What is required — In your reply, repeat the full listing exactly and leave each picture out.

Given data —
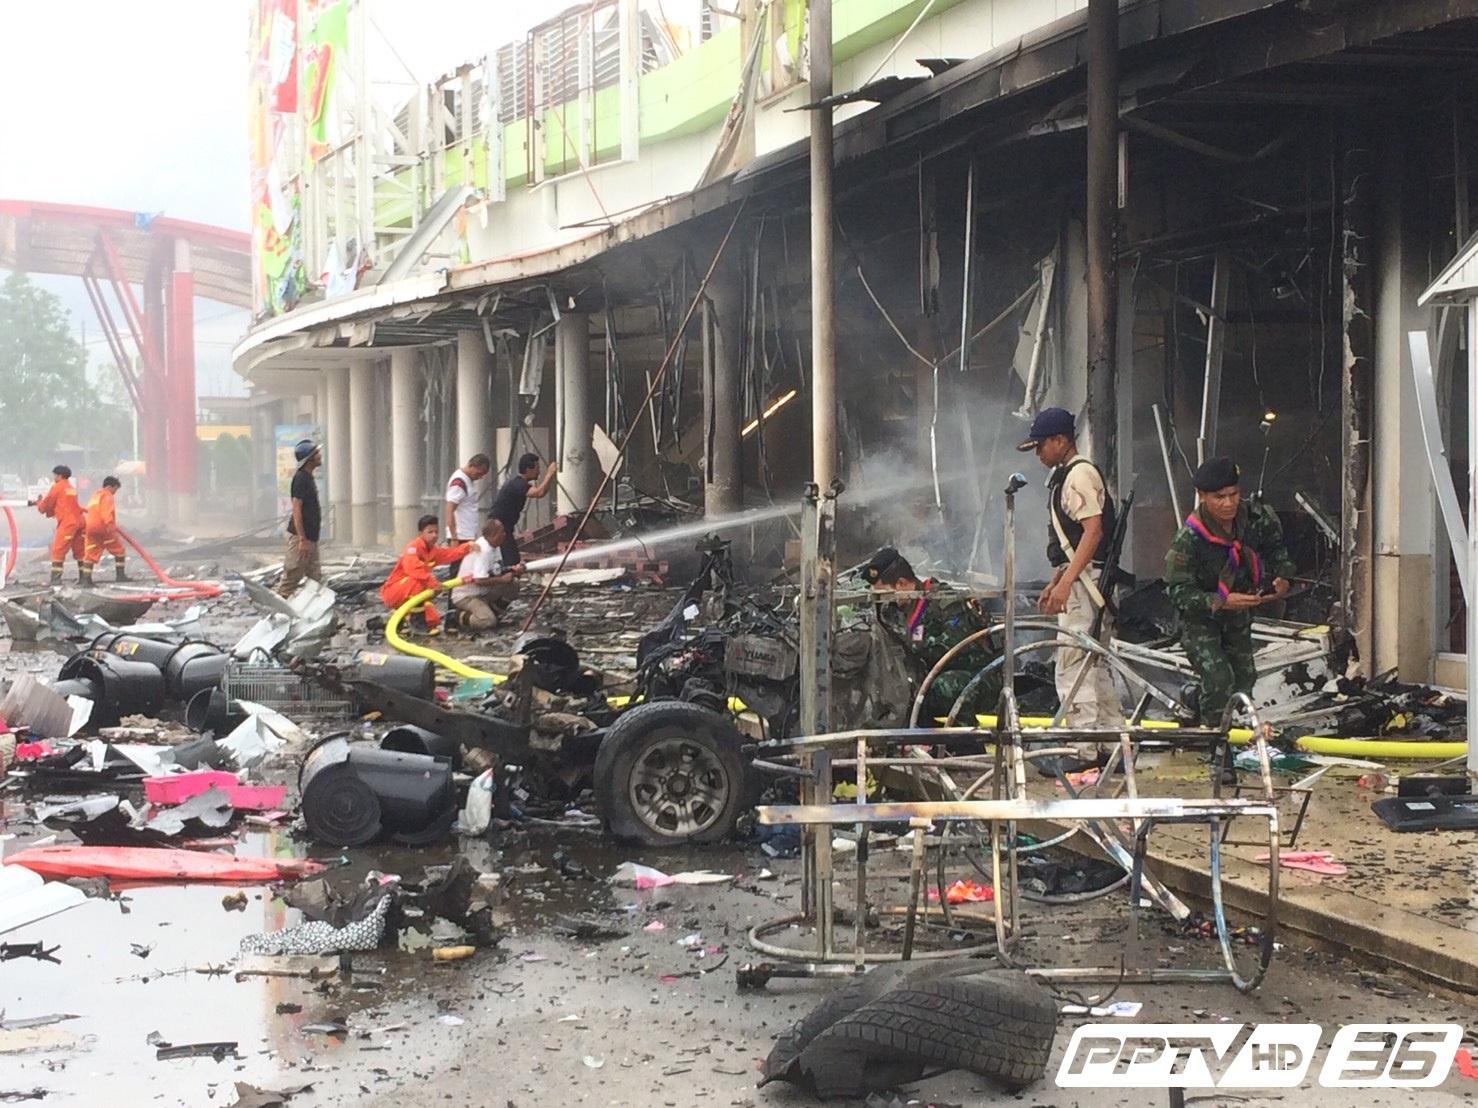 """เกิดเหตุระเบิด """"คาร์บอมบ์"""" บริเวณห้างบิ๊กซีปัตตานี เจ็บหลายราย"""
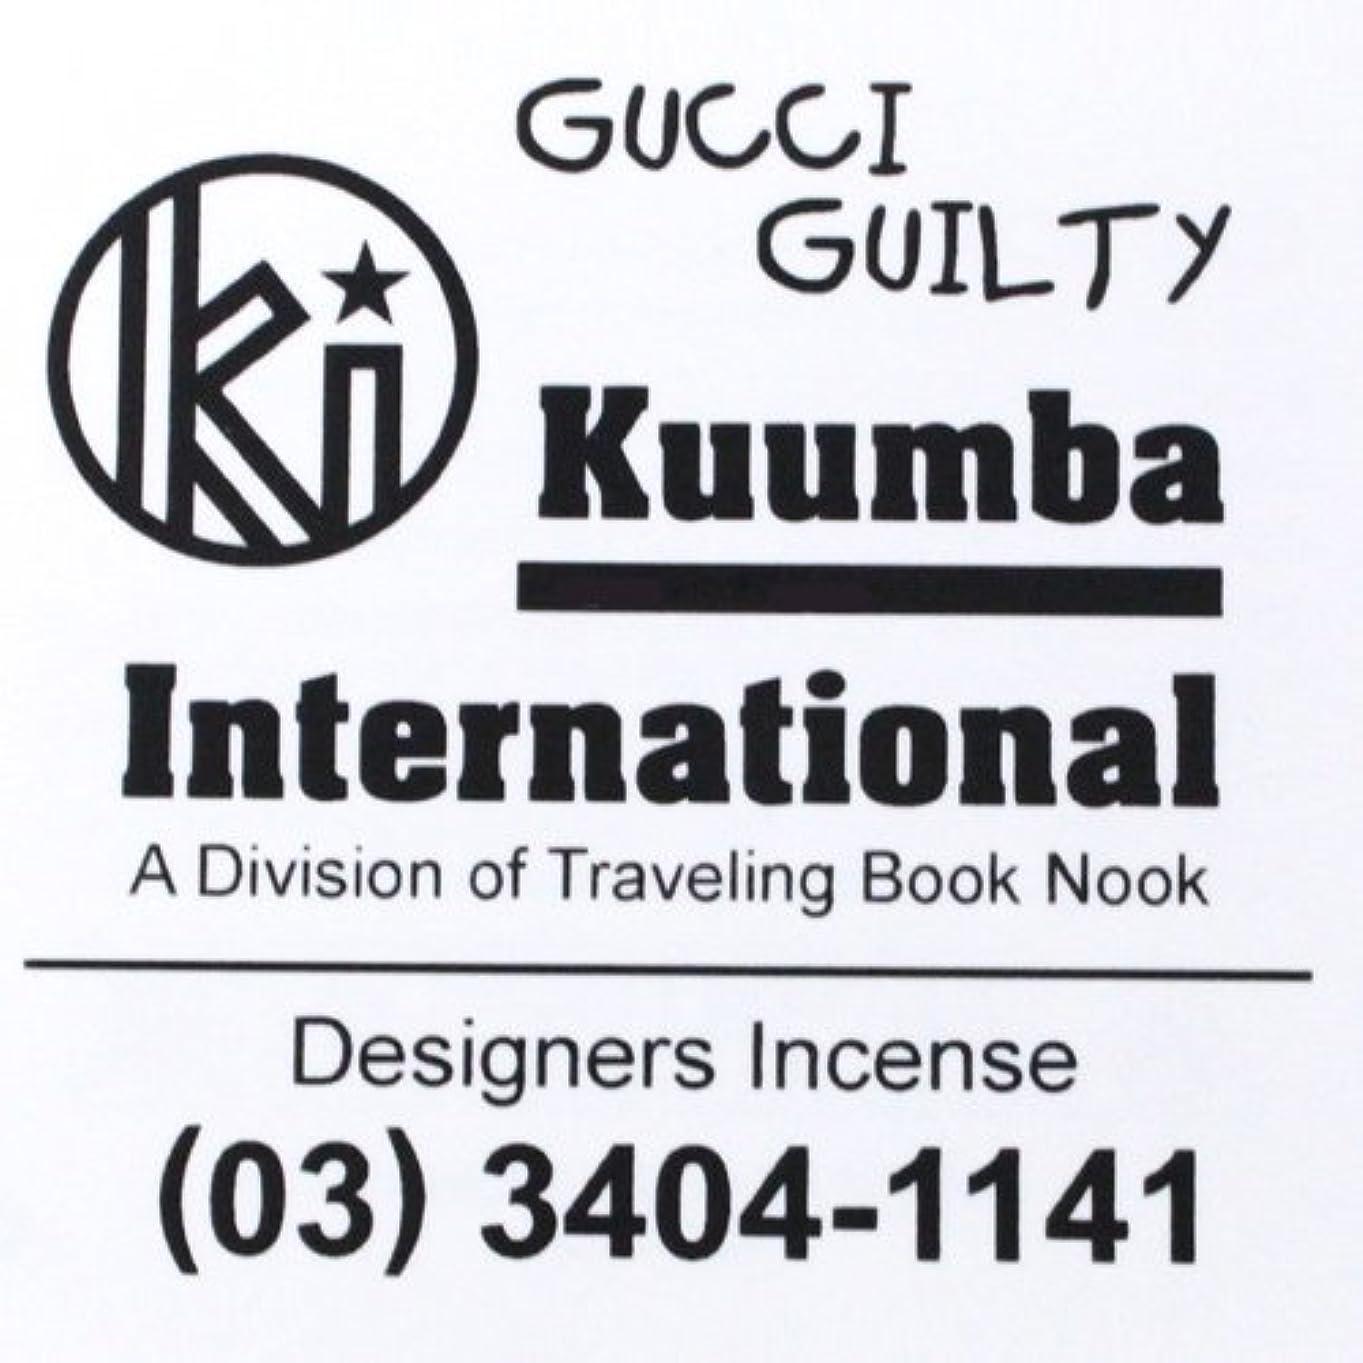 スポンジ承認する嘆願KUUMBA (クンバ)『incense』(GUCCI GUILTY) (Regular size)
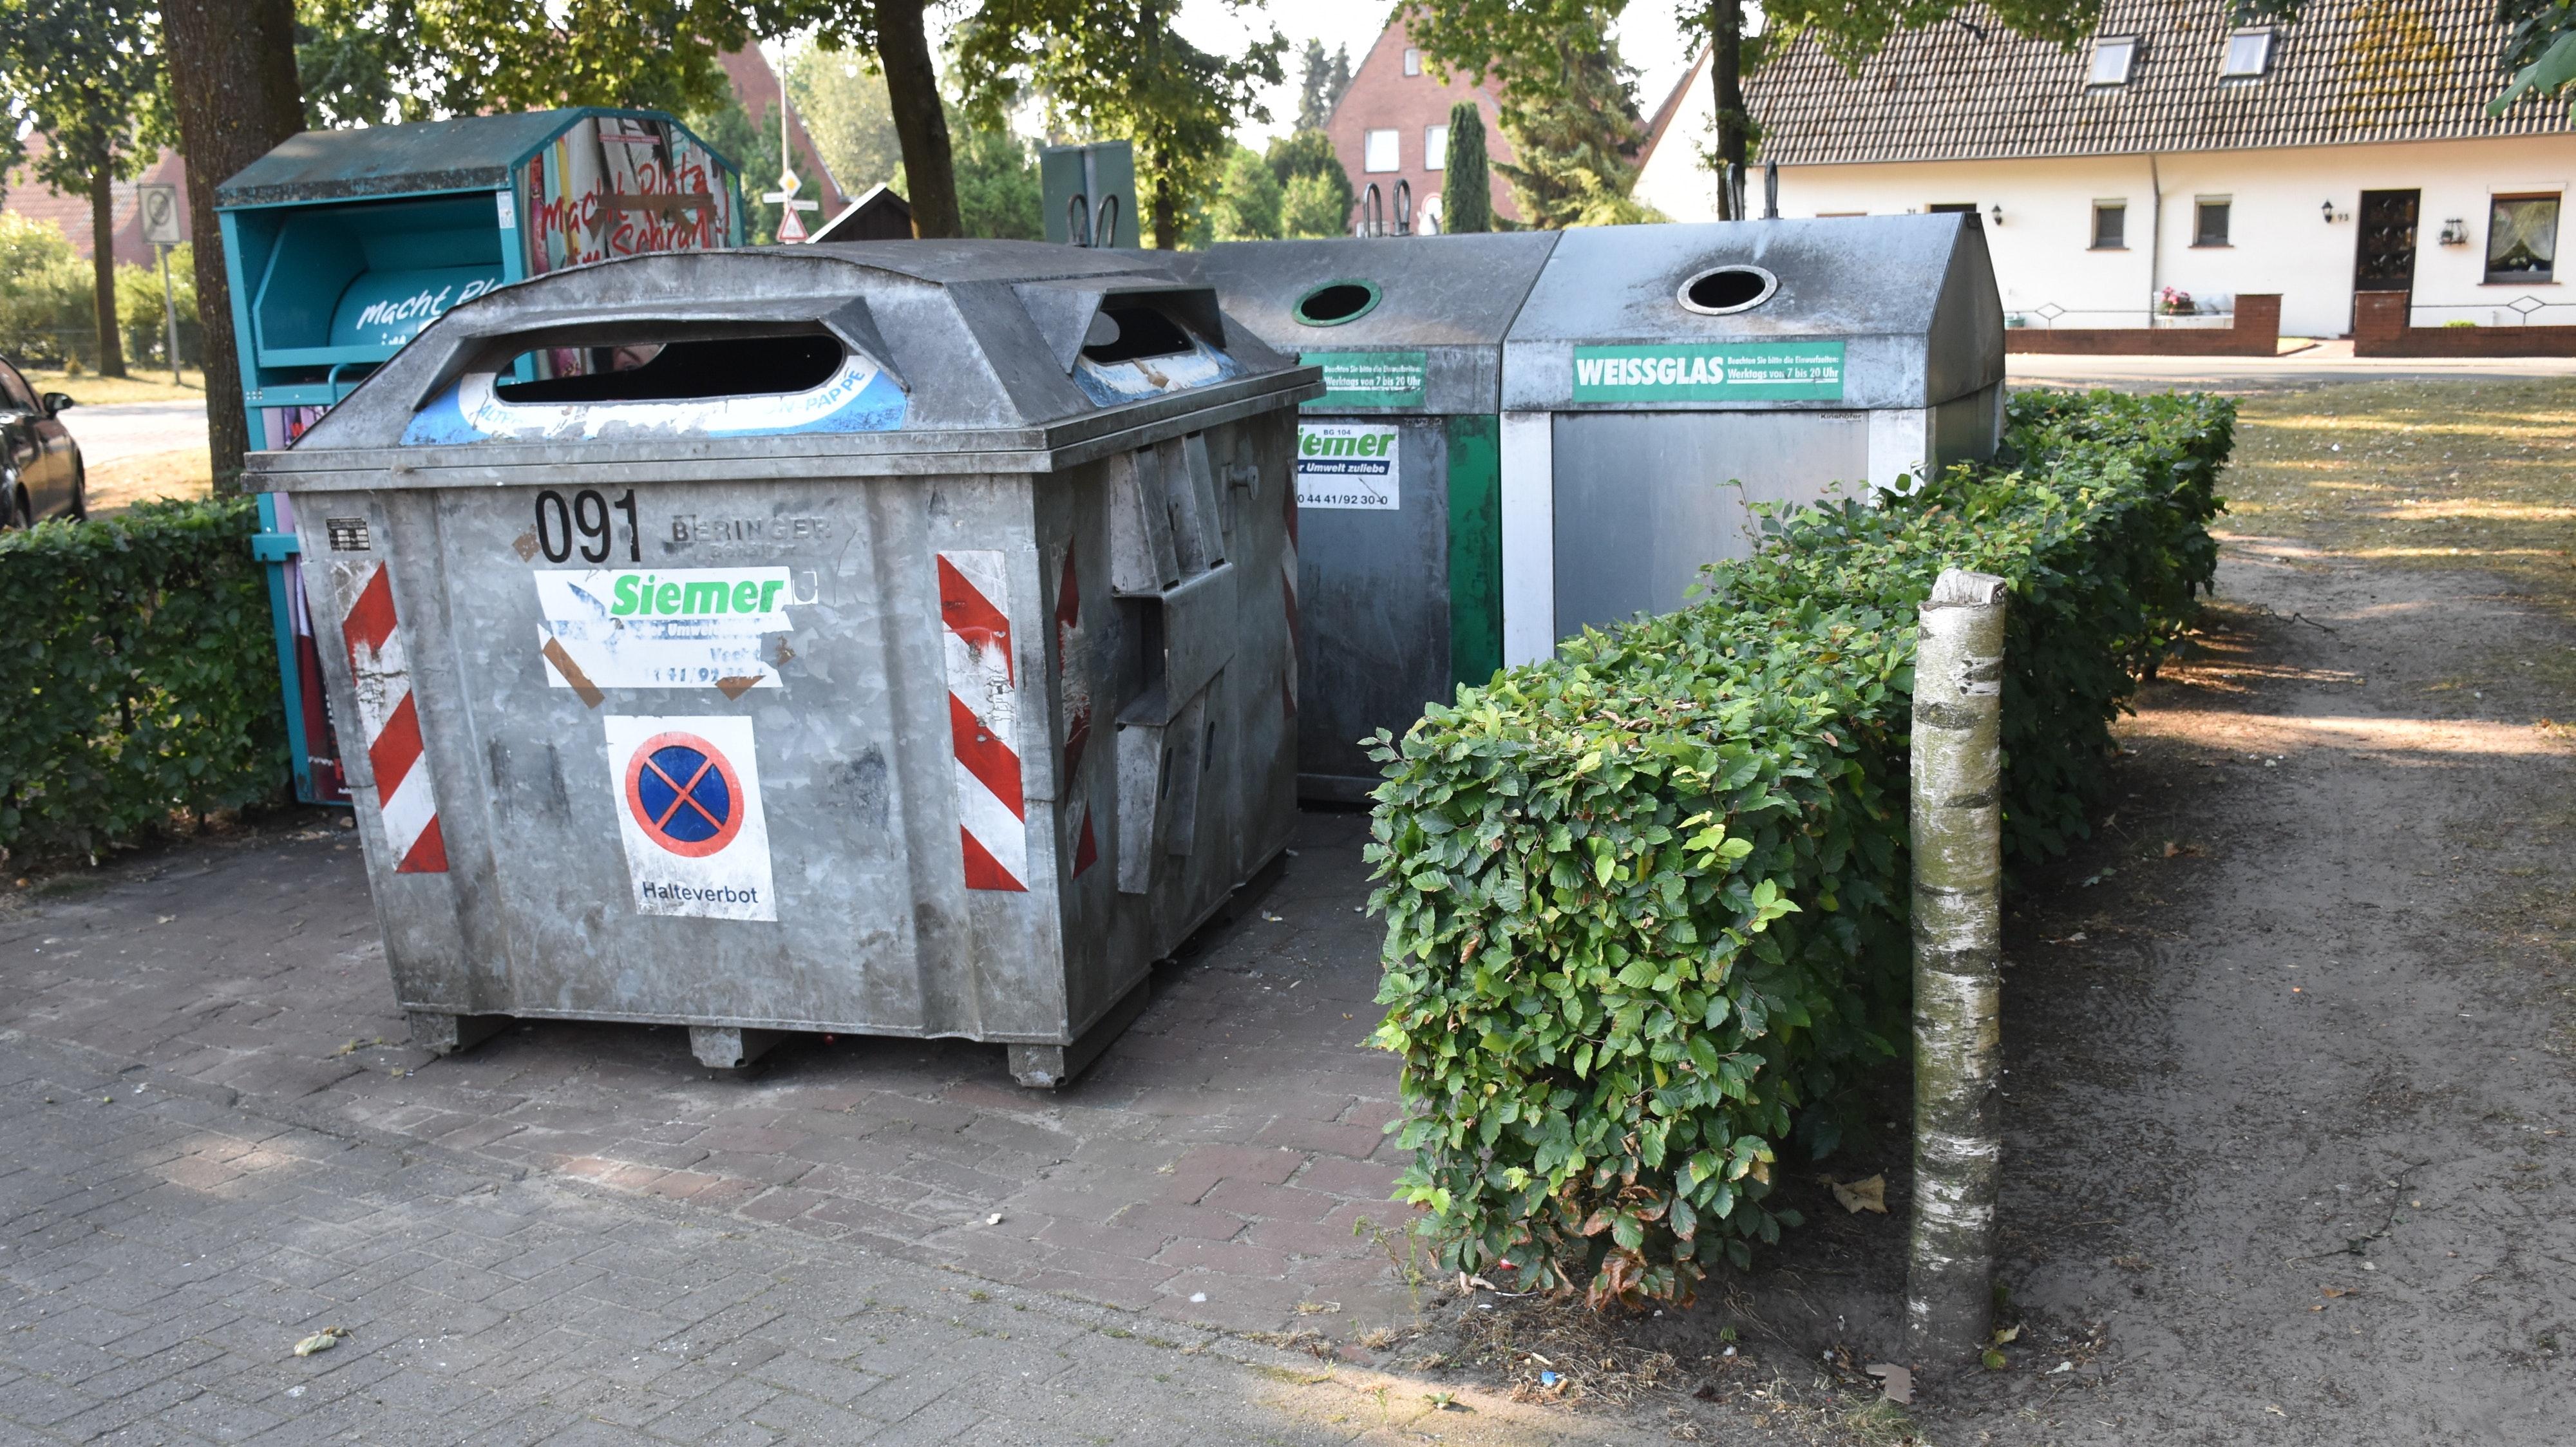 Ausnahmsweise gibt es nichts zu klagen: Im Januar dieses Jahres waren die Altglascontainer beim Nahversorger Kohorst-Langer an der Breslauer Straße völlig überfüllt. Aktuell ist der Entsorgungsplatz sauber – das Thema bewegt dennoch die Gemüter. Foto: Timphaus

Your response —
 """เกิดเหตุระเบิด """"คาร์บอมบ์"""" บริเวณห้างบิ๊กซีปัตตานี เจ็บหลายราย"""
 スポンジ承認する嘆願KUUMBA (クンバ)『incense』(GUCCI GUILTY) (Regular size)
 Ausnahmsweise gibt es nichts zu klagen: Im Januar dieses Jahres waren die Altglascontainer beim Nahversorger Kohorst-Langer an der Breslauer Straße völlig überfüllt. Aktuell ist der Entsorgungsplatz sauber – das Thema bewegt dennoch die Gemüter. Foto: Timphaus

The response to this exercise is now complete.